Não há evidências suficientes na literatura atual para determinar a remoção profilática de rotina do TMI assintomático 4,7 . O manejo de TMIs assintomáticos e livres de doenças permanece controverso. A abordagem atual ao lidar com os TMIs é baseada no julgamento clínico, avaliação periódica por alguns profissionais e extração precoce por outros, não existindo um consenso por parte dos cirurgiões no manejo do TMI 1,4,15,16 . Diante da escassez de evidências, a indicação ou não de remoção de TMIs assintomáticos deve levar em consideração a aceitação dos pacientes, bem como o conhecimento clínico do profissional para orientar a tomada de decisão.
CONCLUSÃO
A tomada de decisão quanto à remoção cirúrgica de terceiro molar impactado assintomático independe do nível de formação do profissional.
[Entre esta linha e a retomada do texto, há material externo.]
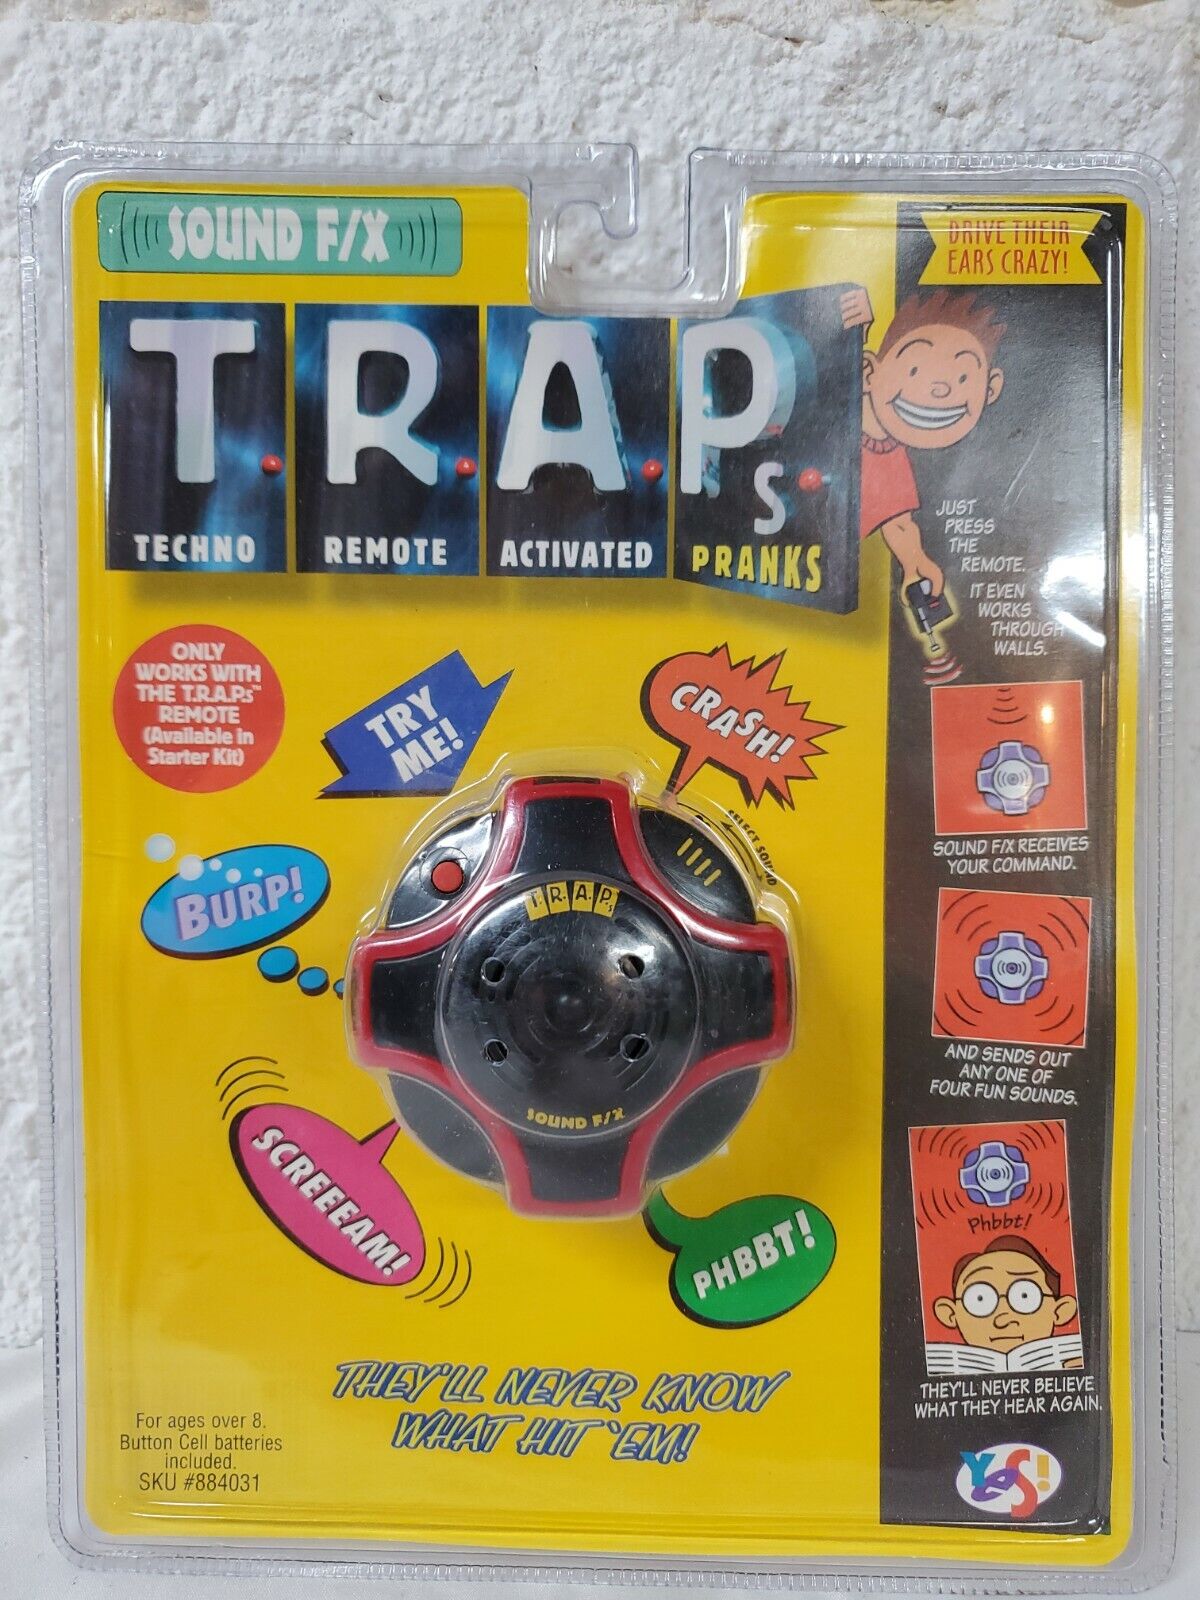 TRAPs - Techno Remote Activated Pranks -Sound F/X
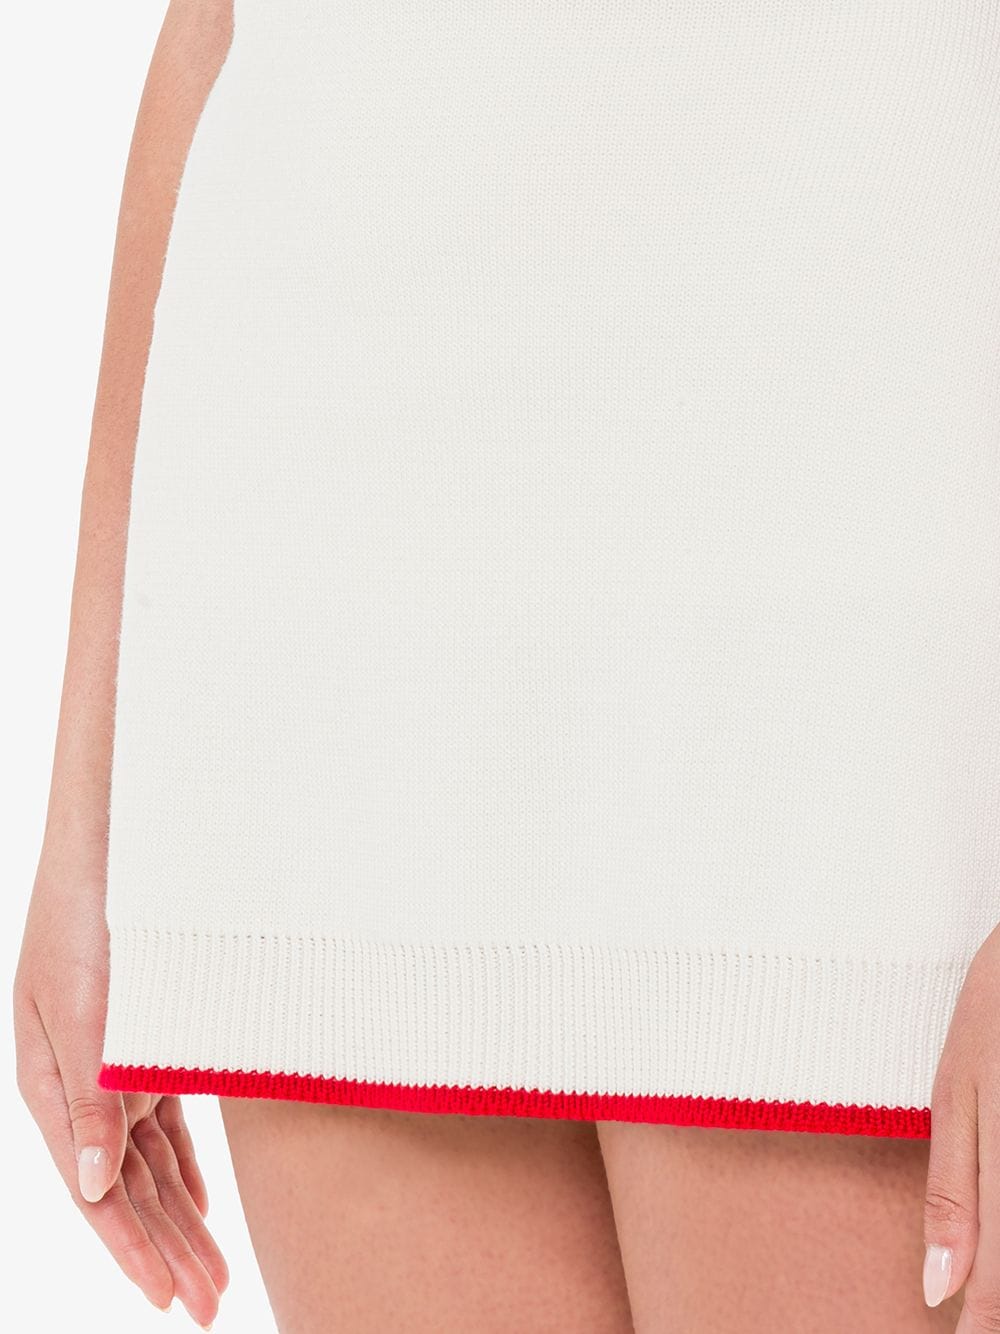 фото Miu miu трикотажная юбка с жаккардовым логотипом

Existe insuficiência de provas para apoiar ou refutar a remoção de terceiros molares inclusos assintomáticos.
ABSTRACT Indication for extraction of impacted third molars: Cross-sectional study Introduction: Removal of third impacted asymptomatic molars has been the subject of considerable controversy. Therefore, this study aims to verify the indication of removal of lower third molars by oral and maxillofacial surgeons after evaluating radiographic images. Methods: This was an observational cross-sectional study developed with professionals participating in the XXIII Brazilian Conference on Oral and Maxillofacial Surgery (COBRAC-2015) held in Salvador, Bahia, Brazil, in which the participants were divided into groups according to the level of training. Results: The results show that most oral and maxillofacial surgeons tend to indicate the removal of asymptomatic impacted third molars (ITMs), and this decision-making is independent of the level of training, and the number of years of experience does not influence it. Conclusions: It can be concluded that there is insufficient evidence in the current literature to determine routine prophylactic removal of asymptomatic ITMs. The indication or not of removal of asymptomatic ITMs should take into account the patients acceptance as well as the clinical knowledge of the professional to guide the decision making. Keywords: Molar, third. Tooth, impacted. Surgery, oral.